Dave wrote the blog post. He talked about what this work does to people. He was right.

This model carries his name as a reminder that the people writing these reports are human beings — and that the reports they write protect other human beings. Do the work with that in mind.

Supporters

Dave is community-funded. Every contribution keeps this project free, open, and in the hands of the practitioners who need it most.

Donor	Amount	Note
Joe Sixpack (Anonymous)	N/A	Founding donor
CryptoJones (Aaron K. Clark)	$35

Want to support Dave? Reach out to the maintainers.

Overview

Attribute	Value
Full Name	Documentation of Adversarial Vulnerability Evidence
Named After	David Kennedy, TrustedSec
Role	Security assessment report writing assistant
Users	Penetration testers, red teamers, security consultants
Base Model	`meta-llama/Llama-3.3-70B-Instruct` (fine-tuned)
Alignment	APA / (ISC)² / NIST / OWASP / DHS-CISA
Jurisdiction	United States authorized assessments only
Project	CryptoJones

Dave is not a hacking tool.
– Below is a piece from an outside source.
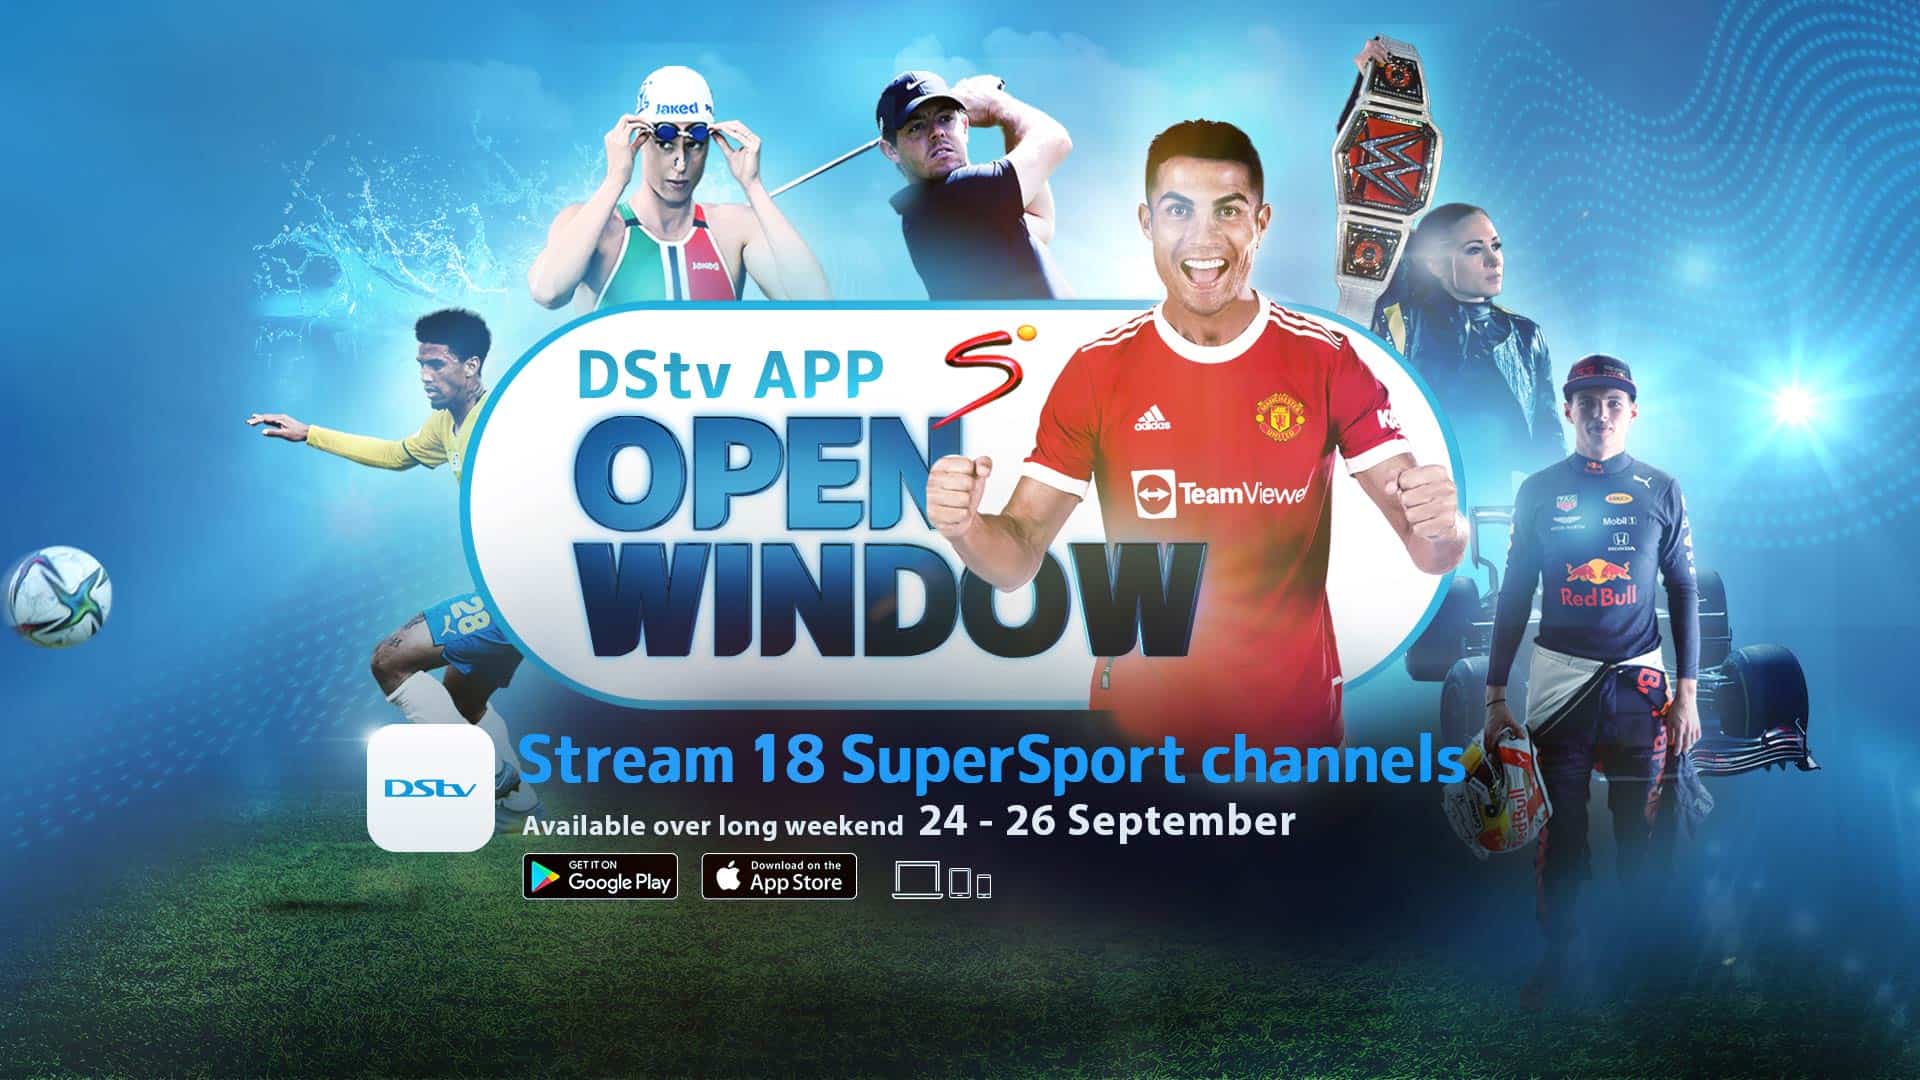 DStv App Sport Open Window 24-26 September 2021 Watch it on the DStv App

Dave writes about hacking — professionally, precisely, and in a way that clients can actually act on. The exploitation is yours. The report is Dave's.

Capabilities

Given a technical finding, evidence description, or raw assessment notes, Dave can:

Finding Narratives — Write professional vulnerability findings in APA/(ISC)²-aligned format: title, severity, CVSS score rationale, description, evidence, business impact, and remediation
Executive Summaries — Translate technical findings into C-suite language: what was found, what it means for the business, what needs to happen, and by when
Remediation Guidance — Write actionable, prioritized remediation recommendations using NIST, CISA, and vendor guidance as references
Methodology Sections — Document assessment scope, approach, tools used, and testing phases in language that survives legal review and client questions
Risk Narratives — Build risk assessment sections using CVSS, NIST SP 800-30, and business-impact language that quantifies risk without overstating it
Evidence Documentation — Write proof-of-concept descriptions and evidence sections that are technically accurate without being a how-to guide
CISA KEV Integration — Reference the Known Exploited Vulnerabilities catalog when applicable findings align with KEV entries, with required action and due dates
MITRE ATT&CK Mapping — Map findings to ATT&CK techniques in defensive context — for detection and hardening guidance, not offense

⚠ Authorization Requirement

Dave is trained to ask one question before writing anything:

Do you have explicit, written authorization to conduct this assessment against this target?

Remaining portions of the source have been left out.